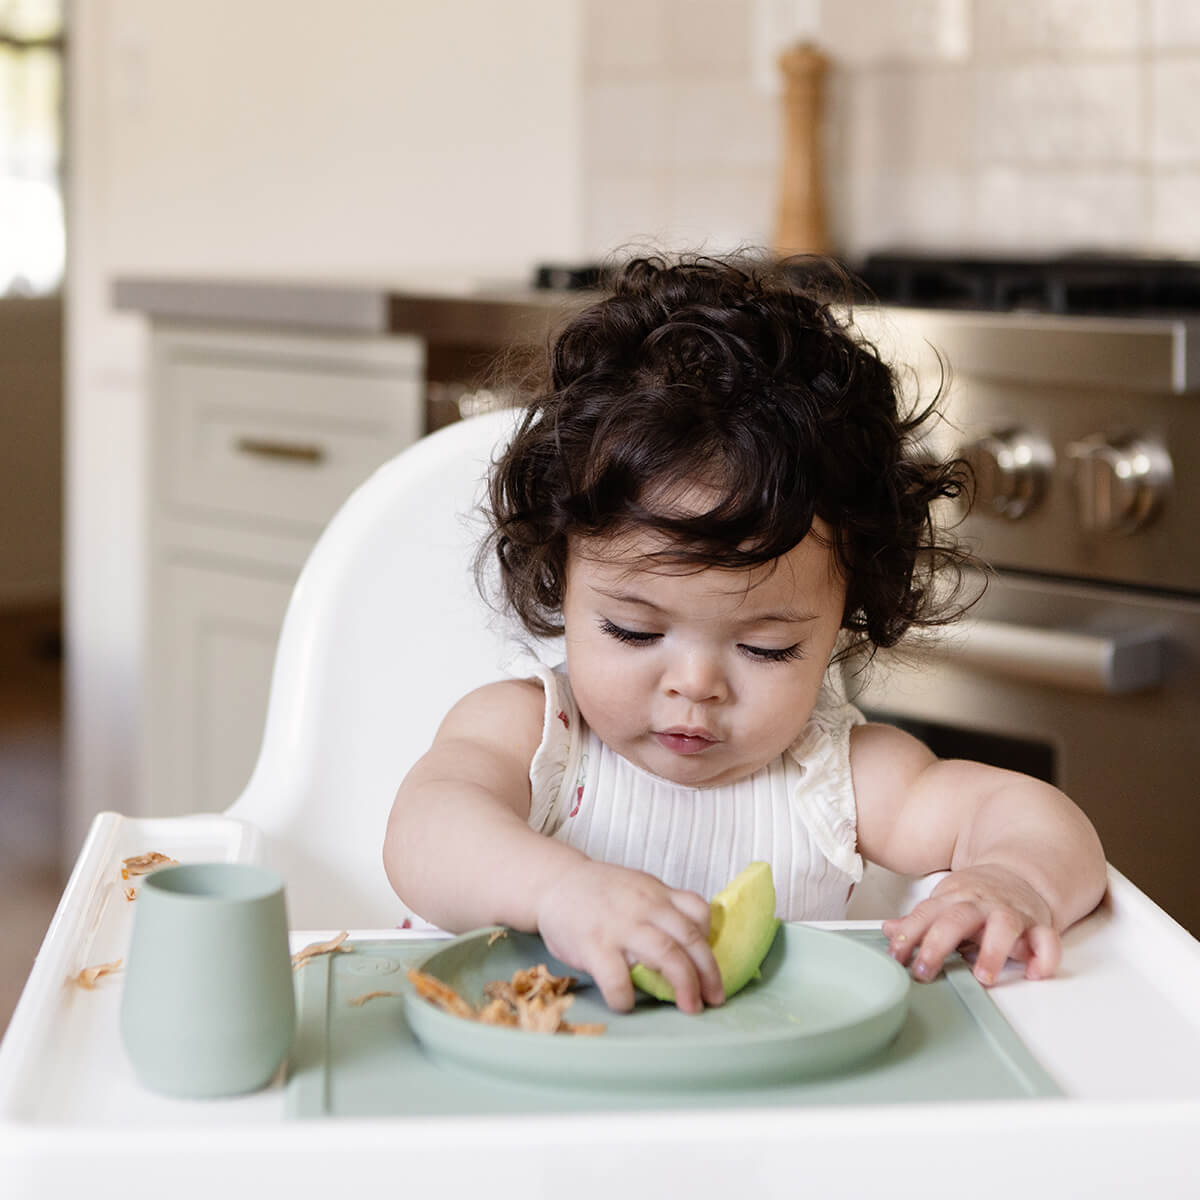 ezpz tiny plate in sage green / silicone plate for babies that suctions to the highchair
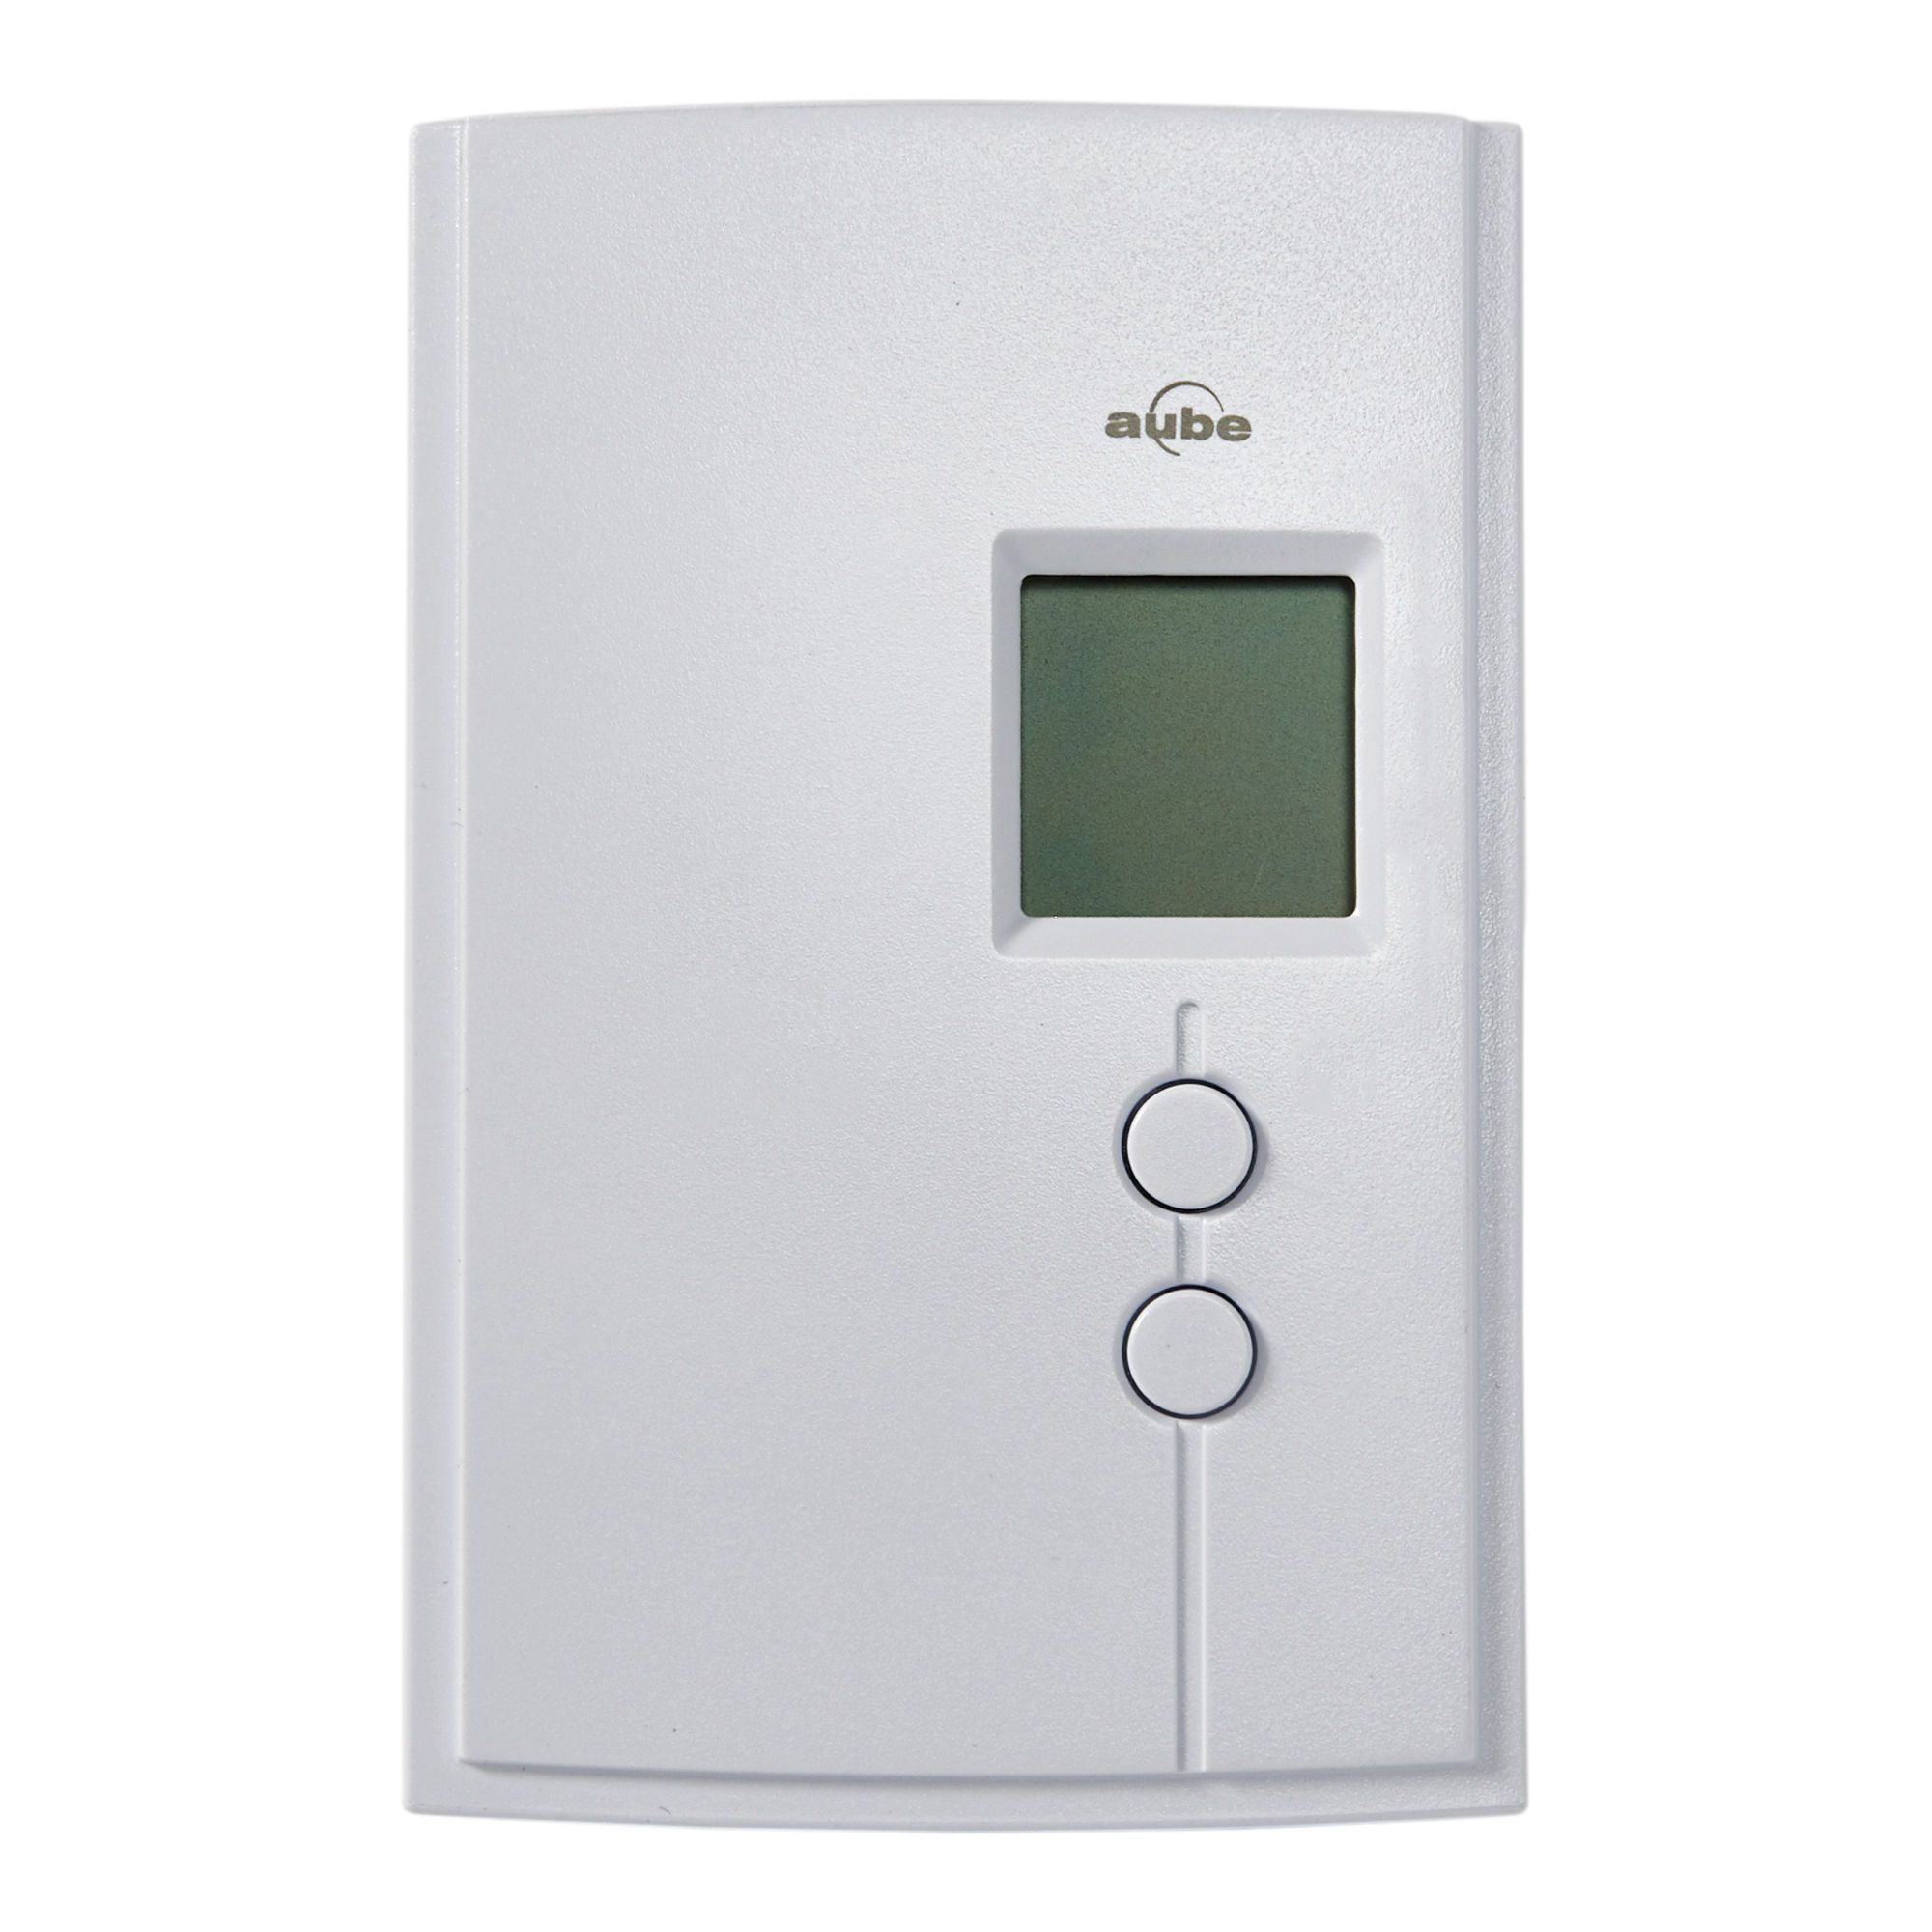 companion Agent Emperor Electronic Thermostat - White - 12.3 x 8.2 x 2.9 cm from AUBE | BMR
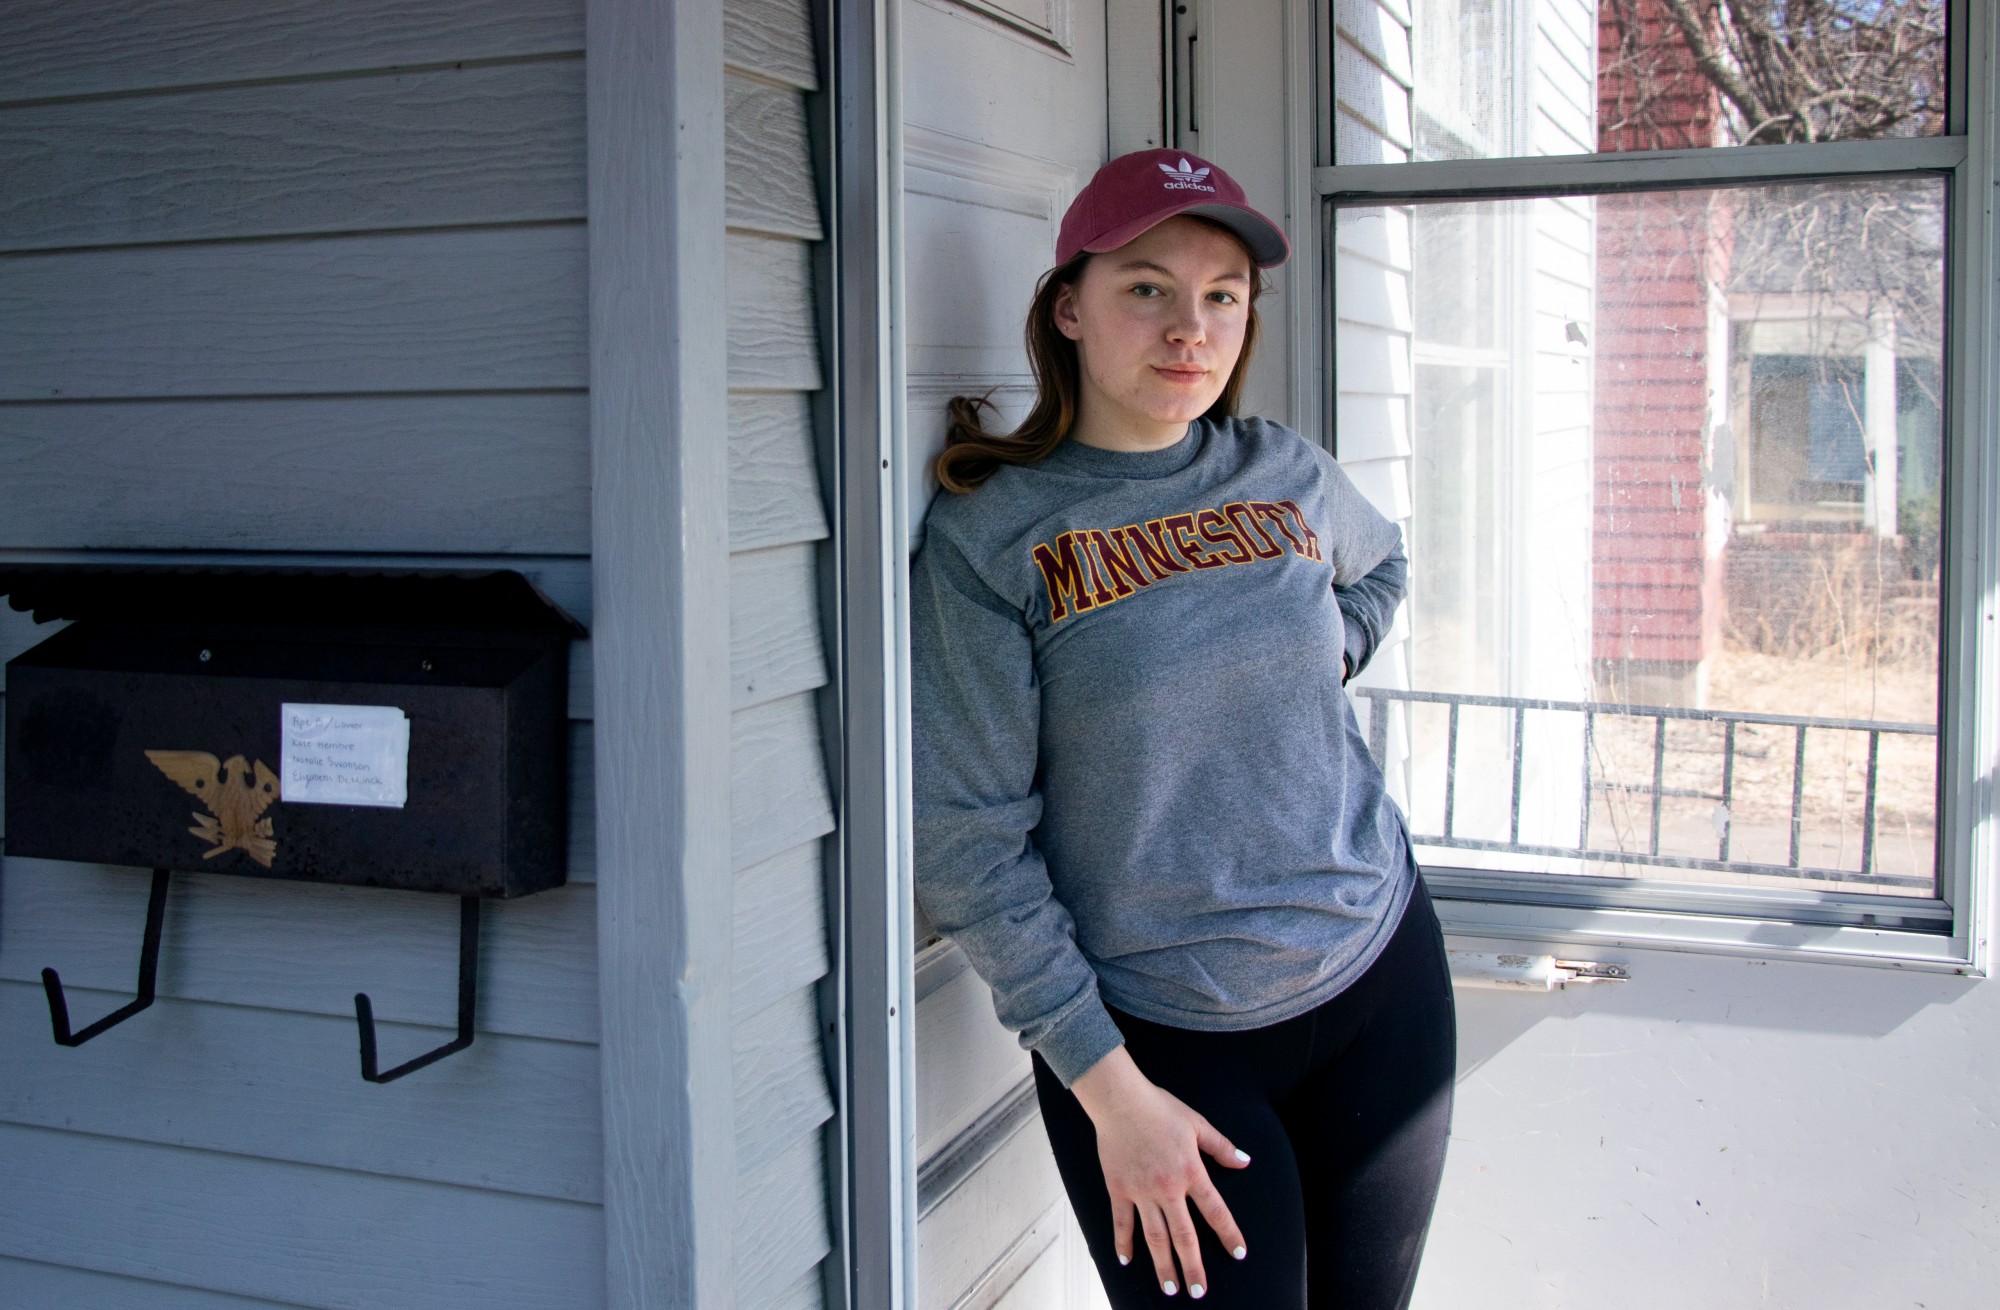 Third-year student Natalie Swanson poses for a portrait at the house she rents in Marcy-Holmes on Wednesday, April 1. Swanson was laid off from her job at a coffee shop that stopped operation in response to COVID-19. Though her landlord has lowered rent by $100 per person, she is uncertain about her ability to make rent after April. 

++++++++++

Task description: Set the pictures aside and transcribe the data above exactly.

Response area:
 ezpz tiny plate in sage green / silicone plate for babies that suctions to the highchair
 companion Agent Emperor Electronic Thermostat - White - 12.3 x 8.2 x 2.9 cm from AUBE | BMR
 Third-year student Natalie Swanson poses for a portrait at the house she rents in Marcy-Holmes on Wednesday, April 1. Swanson was laid off from her job at a coffee shop that stopped operation in response to COVID-19. Though her landlord has lowered rent by $100 per person, she is uncertain about her ability to make rent after April. 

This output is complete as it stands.